We also had different categories of interventions that I'll just touch on briefly. The other condition, there were two conditions. One was just in time help, and the other condition was schedule help for yourself. Different people liked these two kinds of intervention timings differently.

Some people really liked scheduling, for instance, a meditation break later in the afternoon when they knew they were trying to wind down and break up, the workday from the home day. Other people really relished the just in time. In fact, the just in time was significantly more popular than the scheduled interventions.

But different people liked both. Again, it's all about individuals and personalization. Next slide. Again, same kind of study. We had 86 participants, 43 in the pre-scheduled condition and 43 in the just in time condition for four weeks.

Same kind of thing as I explained to you before, they were running the stress sensing software, and then they got the interventions in the timing manner depending on their condition. Next slide. What we found in that study was that medium effort interventions were the least effective. People liked them the least.

It was the low and high effort interventions, interestingly, that were very effective and that people liked the most. The low effort interventions were by far the most well-loved, and they all had equal effectiveness. Low and high effort interventions were equally effective. The high effort interventions for those of you that are psychologists in the group probably led to more behavior change. We actually had a behavior change model that we looked at with our users and those that really wanted to change their behavior, the high effort interventions actually helped them move along that behavior change model cycle better.

The low interventions are great for just in time. The high effort ones actually help you change your behavior long term. In conclusion, we found that personalized stress models are really important, as are the personalized interventions. When we can see that you're stressed out, it's really nice to have those just in time interventions, and there is a tradeoff between what people are comfortable with e.g. the camera being on or not, and how good these models can be. But the models can be pretty good even when they're less invasive, stress sensing is going on.

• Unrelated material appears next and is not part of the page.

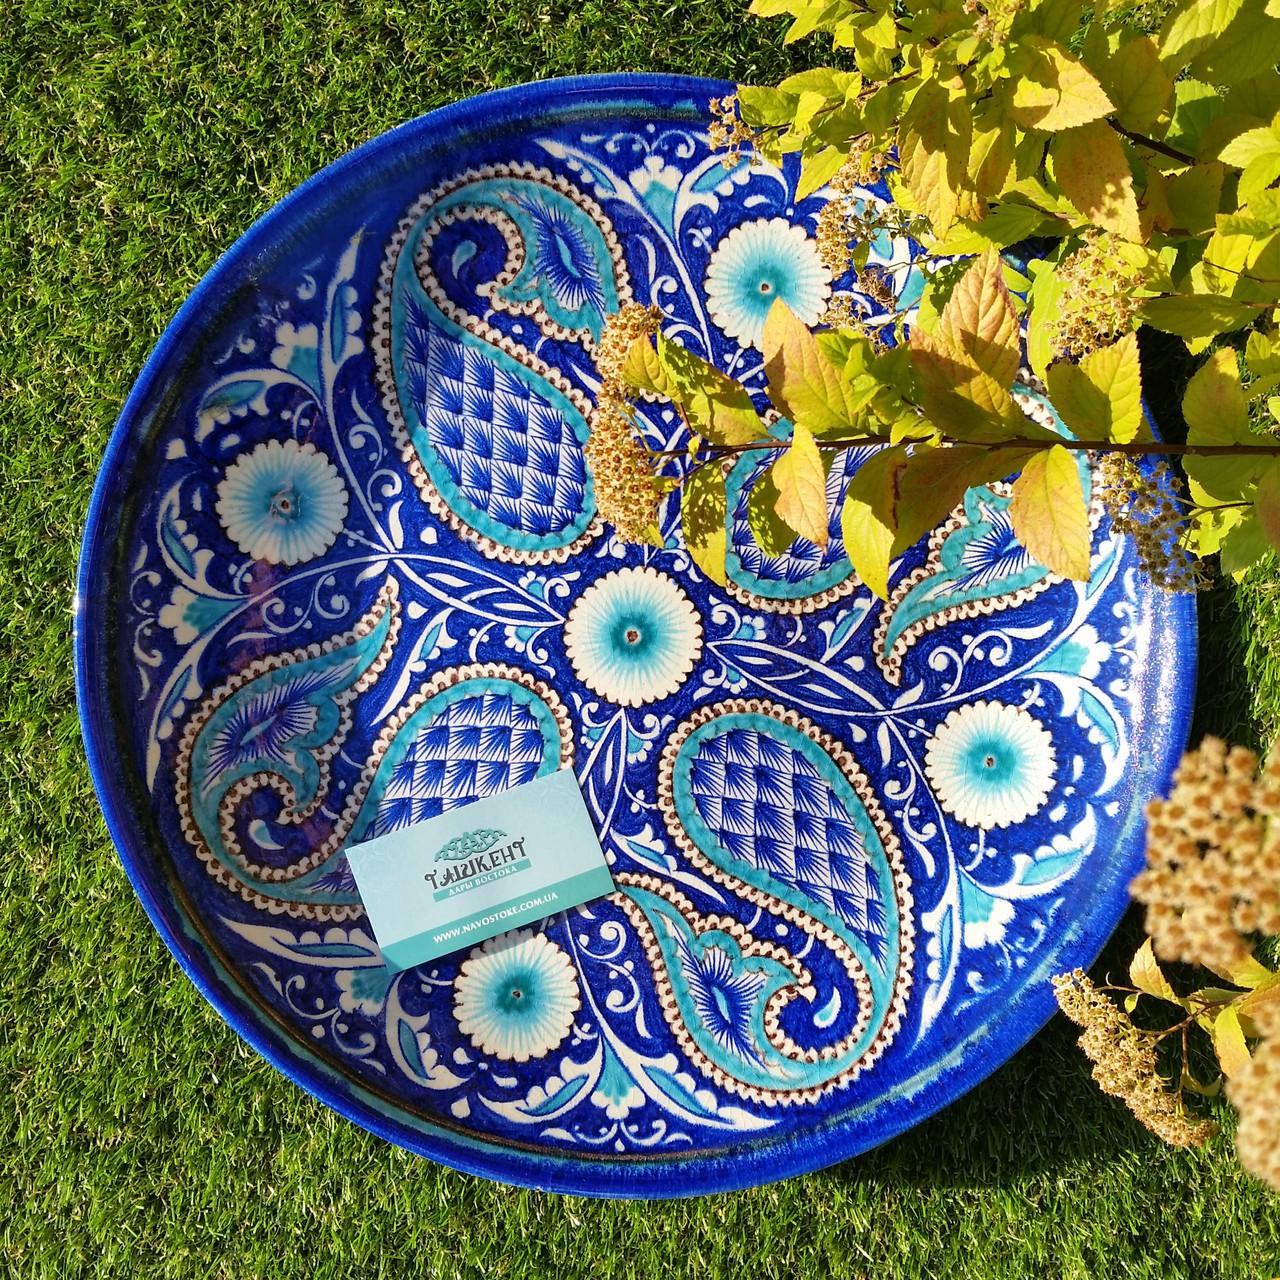 Узбекская тарелка Ляган d 40 см в традиционной технике исполнения. Риштан (40)

We think we're at the verge now to ship this out to a large number of people at Microsoft. I hope some of you will volunteer for us and try this out and hopefully this will work its way into Microsoft products some way down the road. Thank you very much for your attention.

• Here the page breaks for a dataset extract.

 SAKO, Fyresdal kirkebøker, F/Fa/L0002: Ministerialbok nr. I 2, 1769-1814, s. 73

EBELE OKOLI: Thank you so much for that, Mary. Now, we'd like to transition to our calls to action just to recap on everything that you've learned here today. We'll start from the top with our speakers. I'll turn to Theresa first and then we'll have Kristen to follow and then Mary. Over to you, Theresa. THERESA NGUYEN: Thank you. If anybody is

worried about your mental health or want to learn more about mental health, visit mhascreening.org or if you're interested in policy and research, visit our main website at mhanational.org. EBELE OKOLI: Over to you Kristen.

KRISTEN ROBY DIMLOW: I would just say, remember, it's okay not to be okay, and be aware that there are benefits and services to support you and your teams and your family members, and then share how you support your own mental and emotional well being with your colleagues. Thank you. EBELE OKOLI: Fantastic, and Mary. MARY CZERWINSKI: I would just like to underline that, take advantage of the services that Kristen's talking about, and the website that Theresa's mentioned, and also try to schedule some time in your calendar so if you are feeling stressed or you know you're going to have a stressful day or event, schedule some time around it to take a little break, do some meditation, stretch, take a walk in nature. There's lots of support for you out there.

EBELE OKOLI: Fabulous. Thank you to all of the presenters that came out today to speak to us, and I hope and I know and I trust that everyone who attended is inspired by what we've got going on here, and hopefully they'll take it to your respective organizations and really drive for impact in supporting those with mental health and well-being needs. Thank you.